EXERCISE DESCRIPTION:
Lines from the one containing "airport-engagement-shoot-33.jpg" through the end of the material are to be retyped exactly; do not copy pictures.

MATERIAL PROVIDED:
========
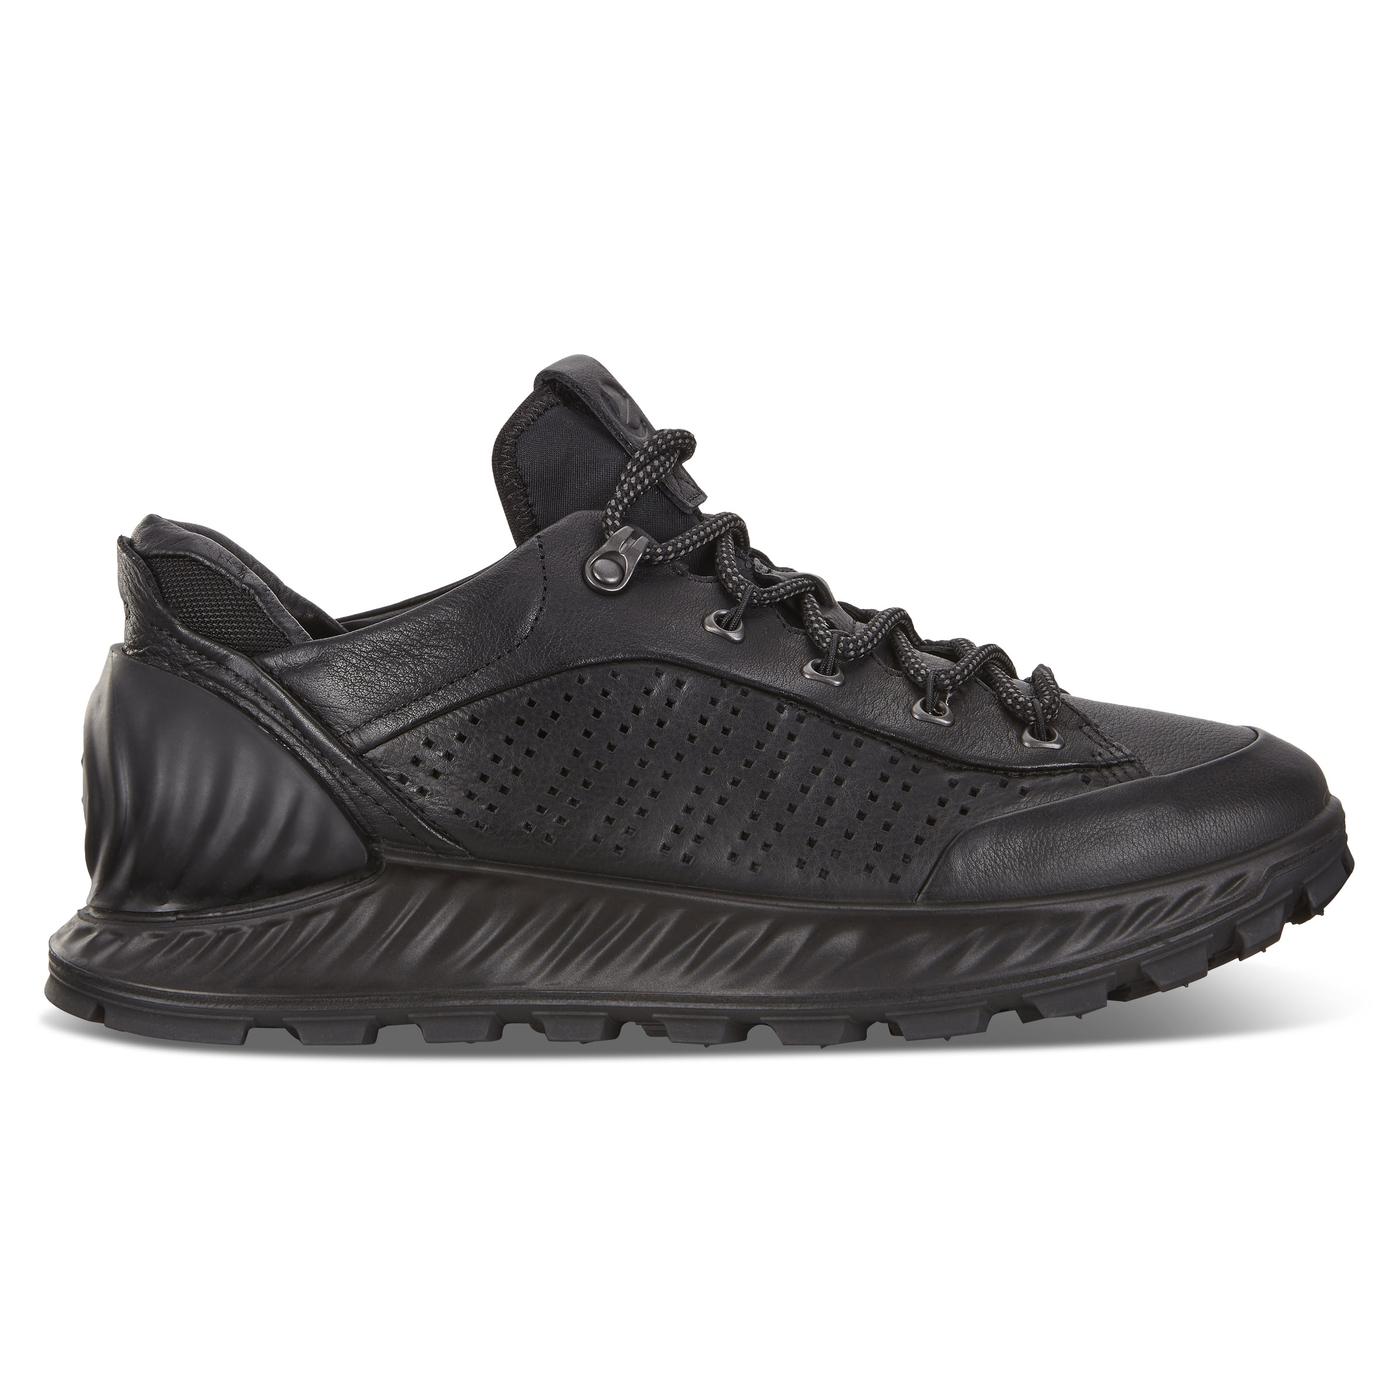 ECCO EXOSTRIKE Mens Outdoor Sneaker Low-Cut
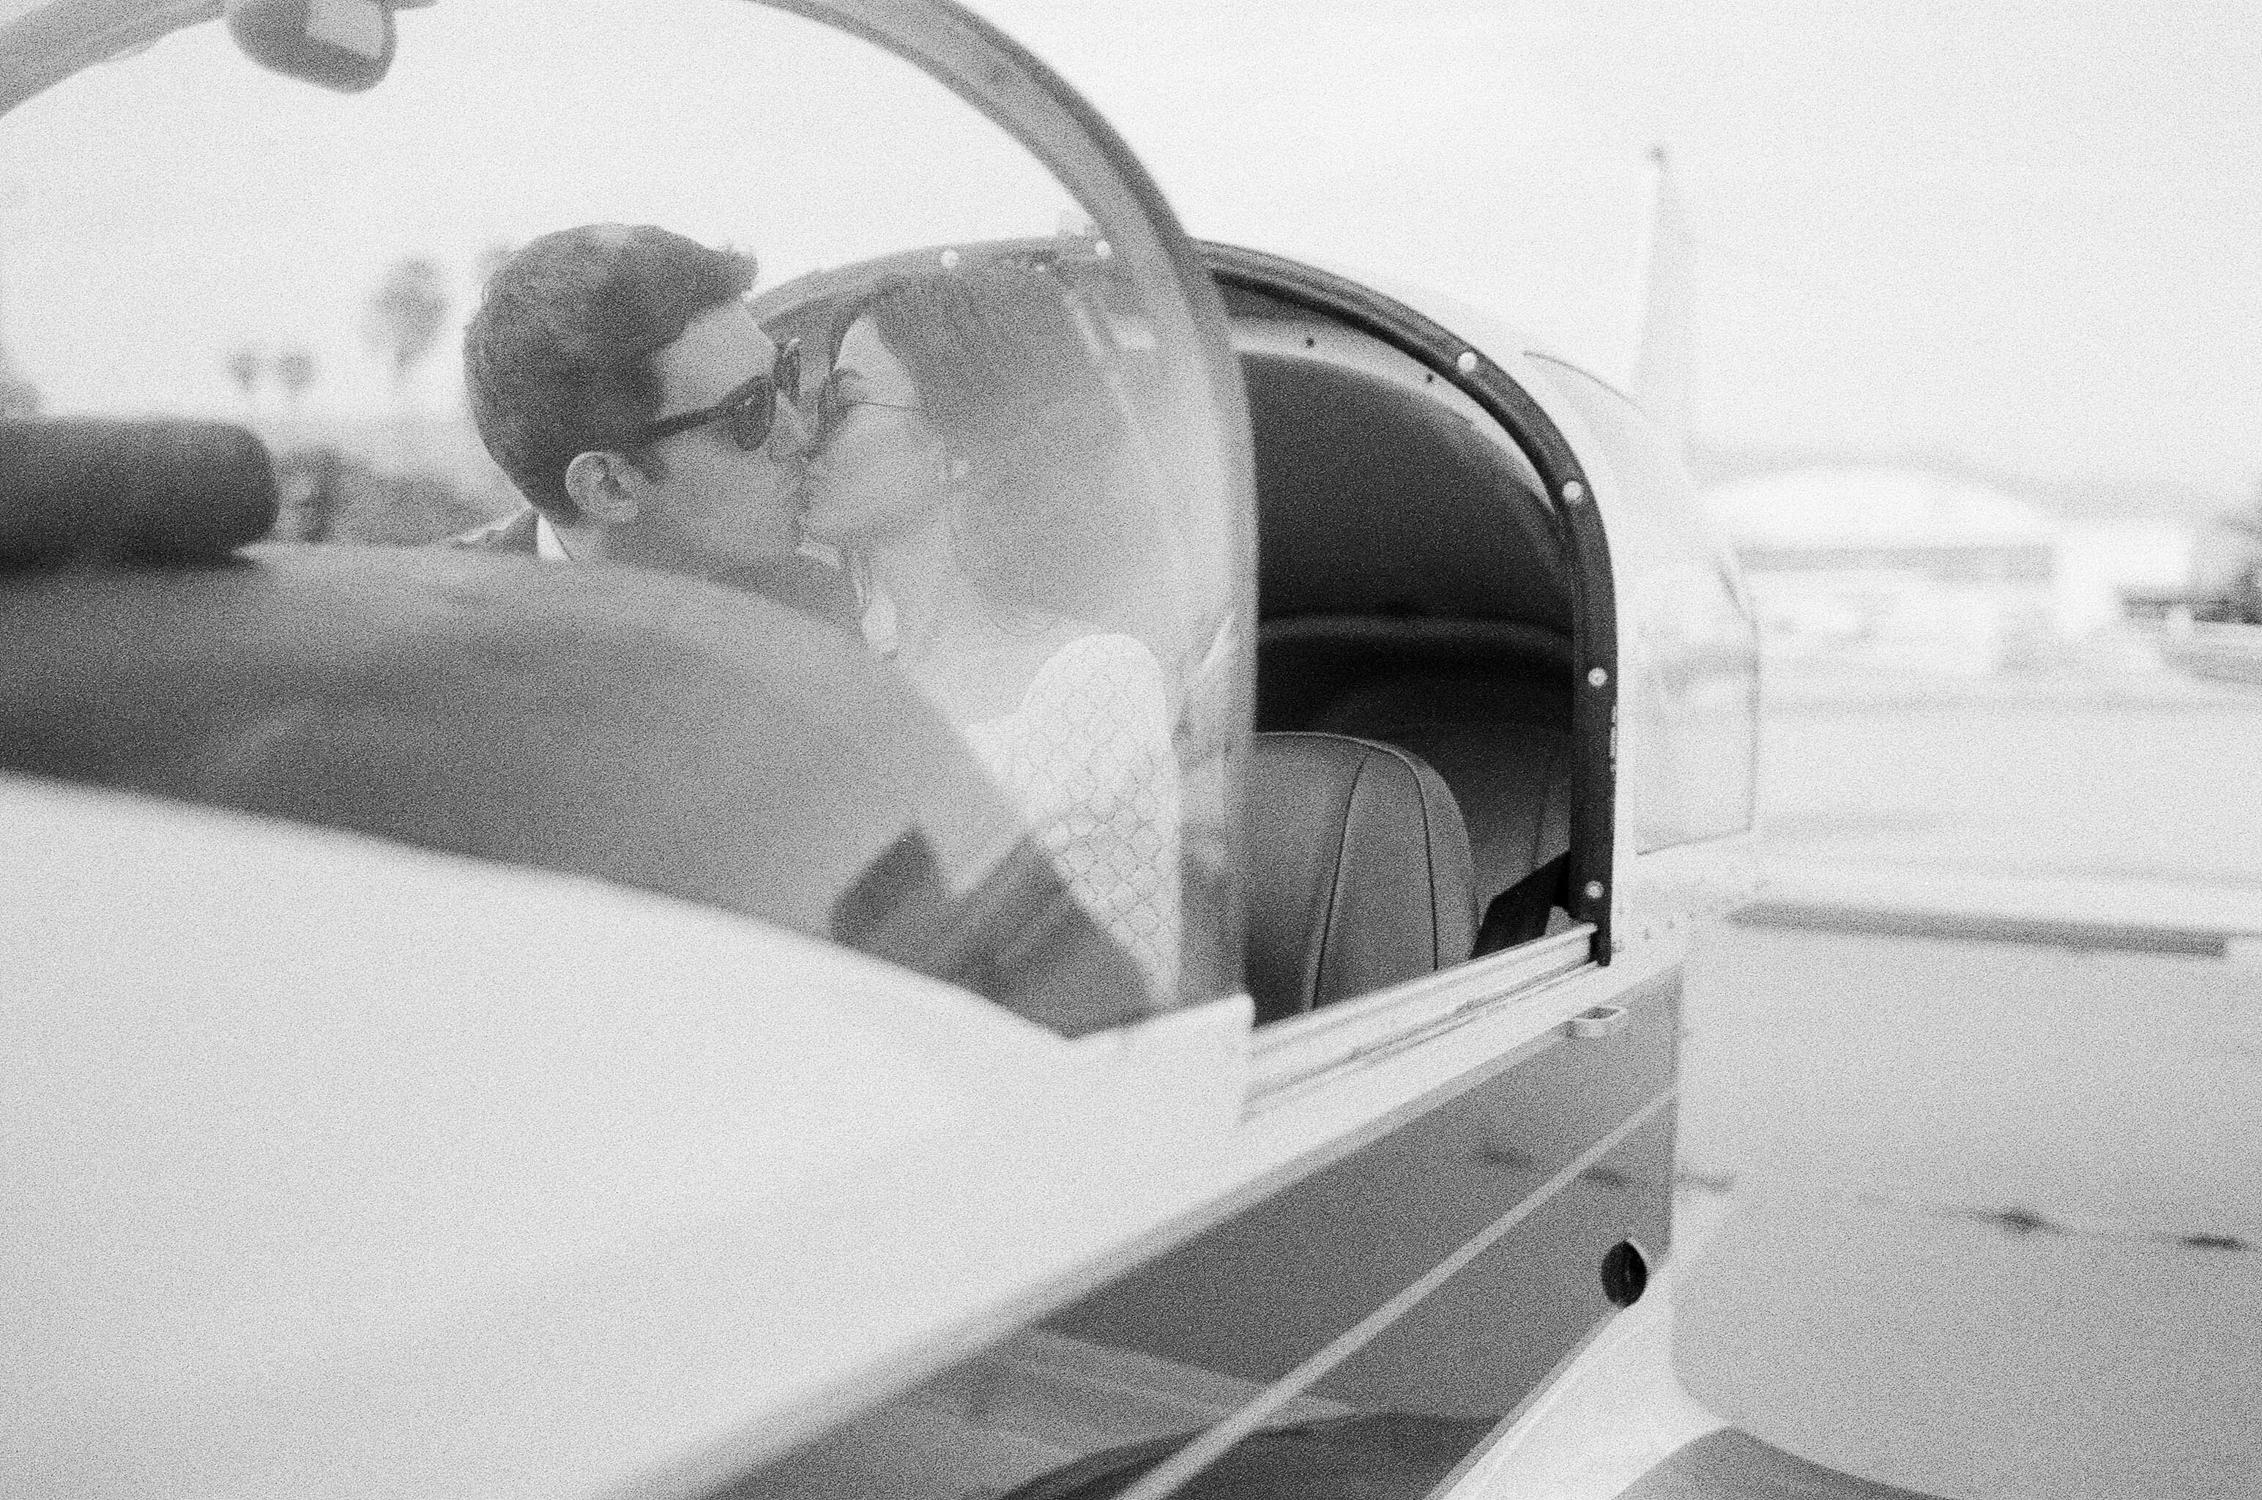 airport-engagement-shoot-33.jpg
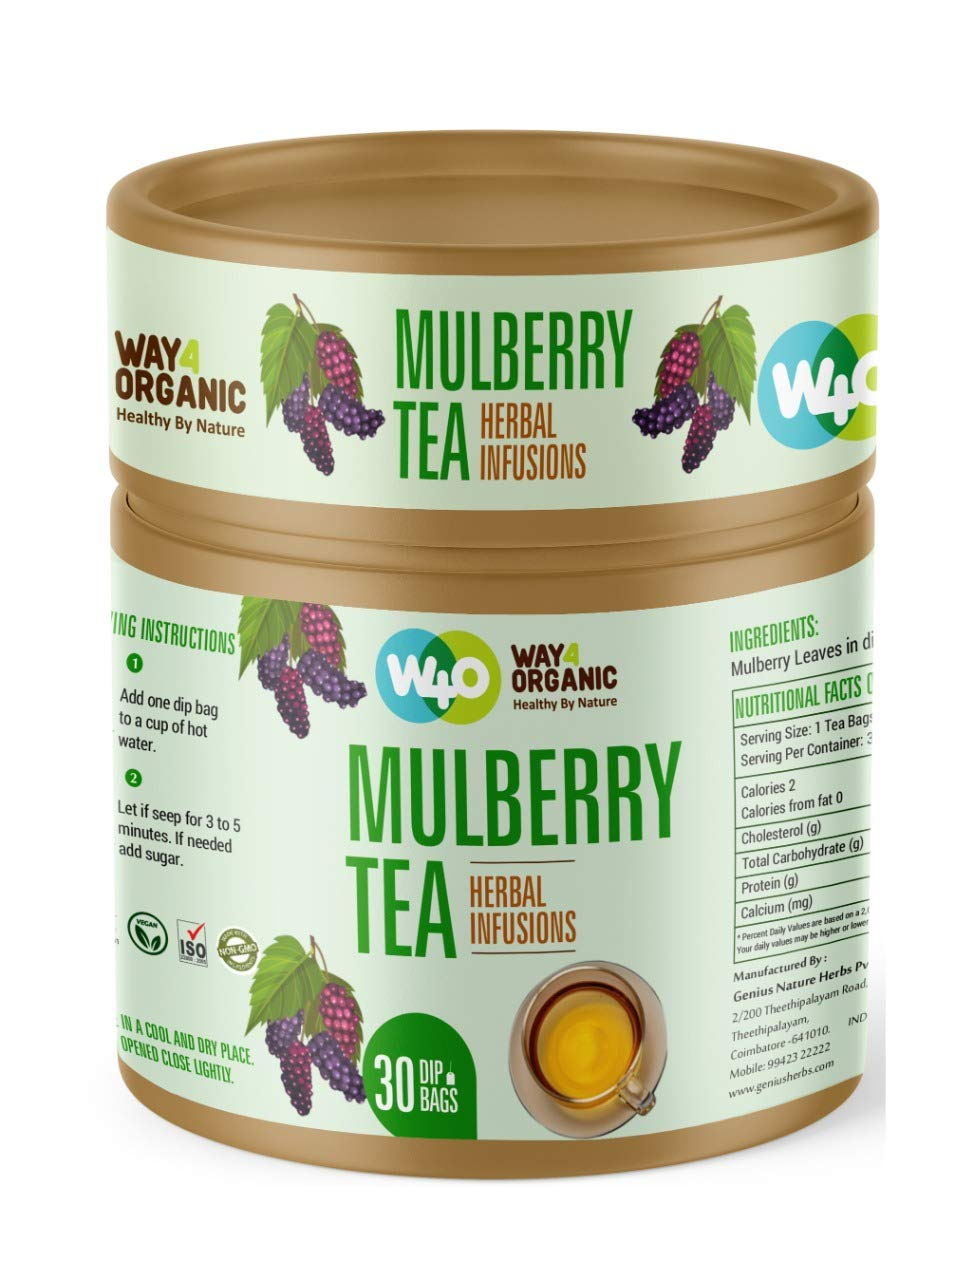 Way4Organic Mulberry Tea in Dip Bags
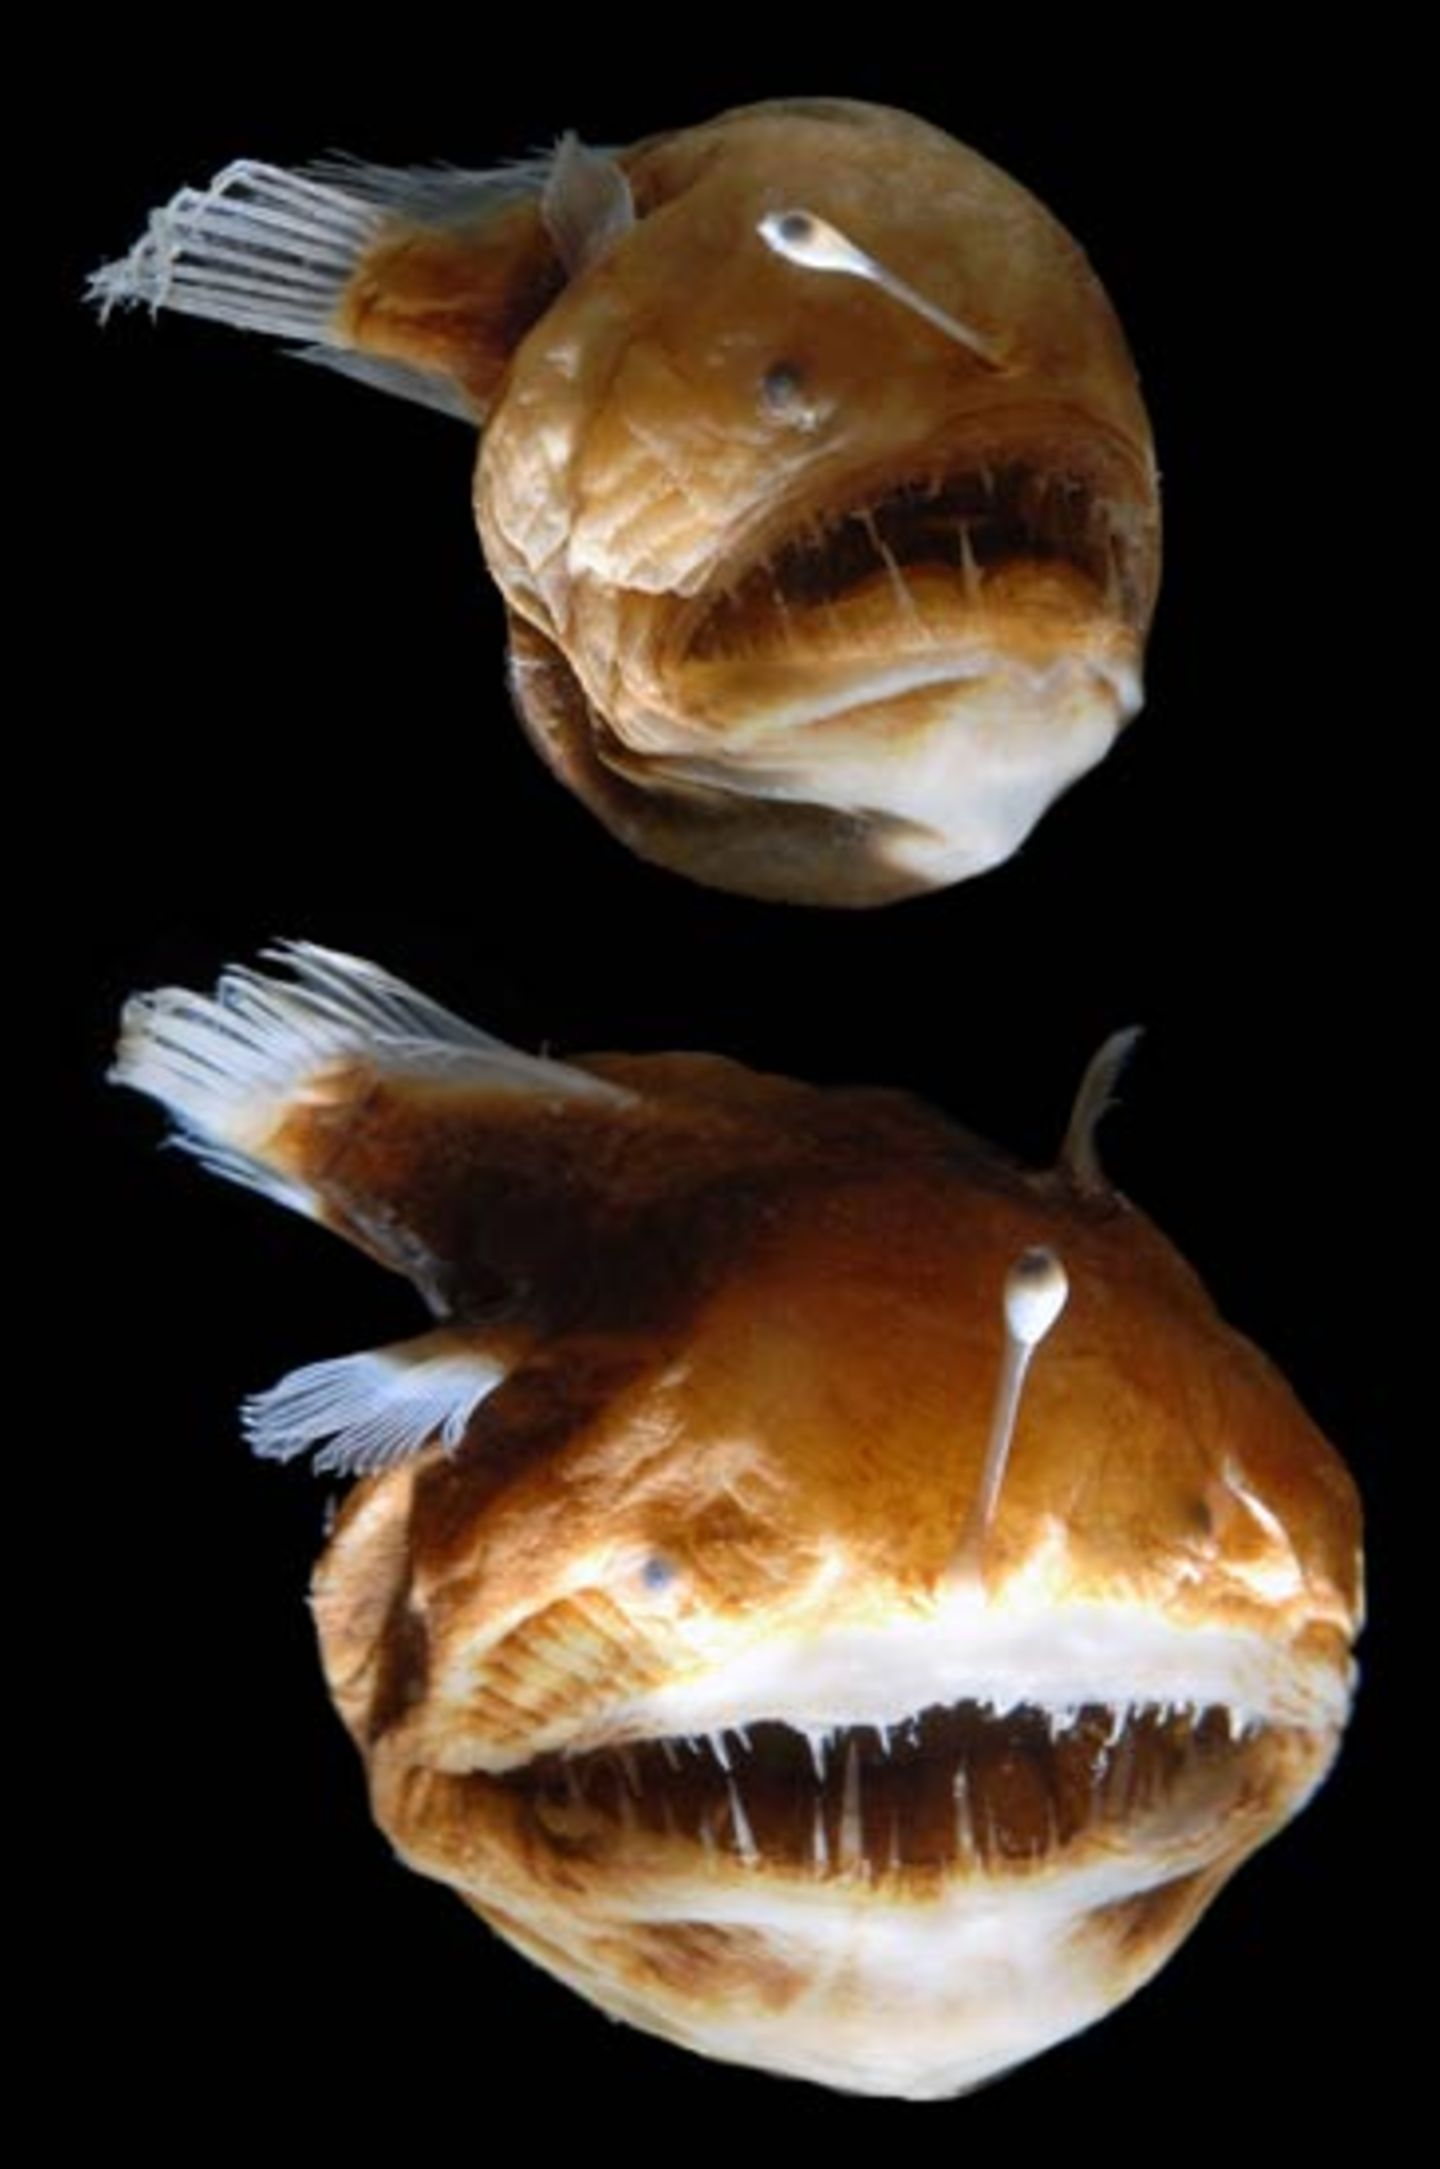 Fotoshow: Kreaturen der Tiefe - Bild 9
========
EXERCISE SOLUTION:
 airport-engagement-shoot-33.jpg
 Way4Organic Mulberry Tea in Dip Bags
 Fotoshow: Kreaturen der Tiefe - Bild 9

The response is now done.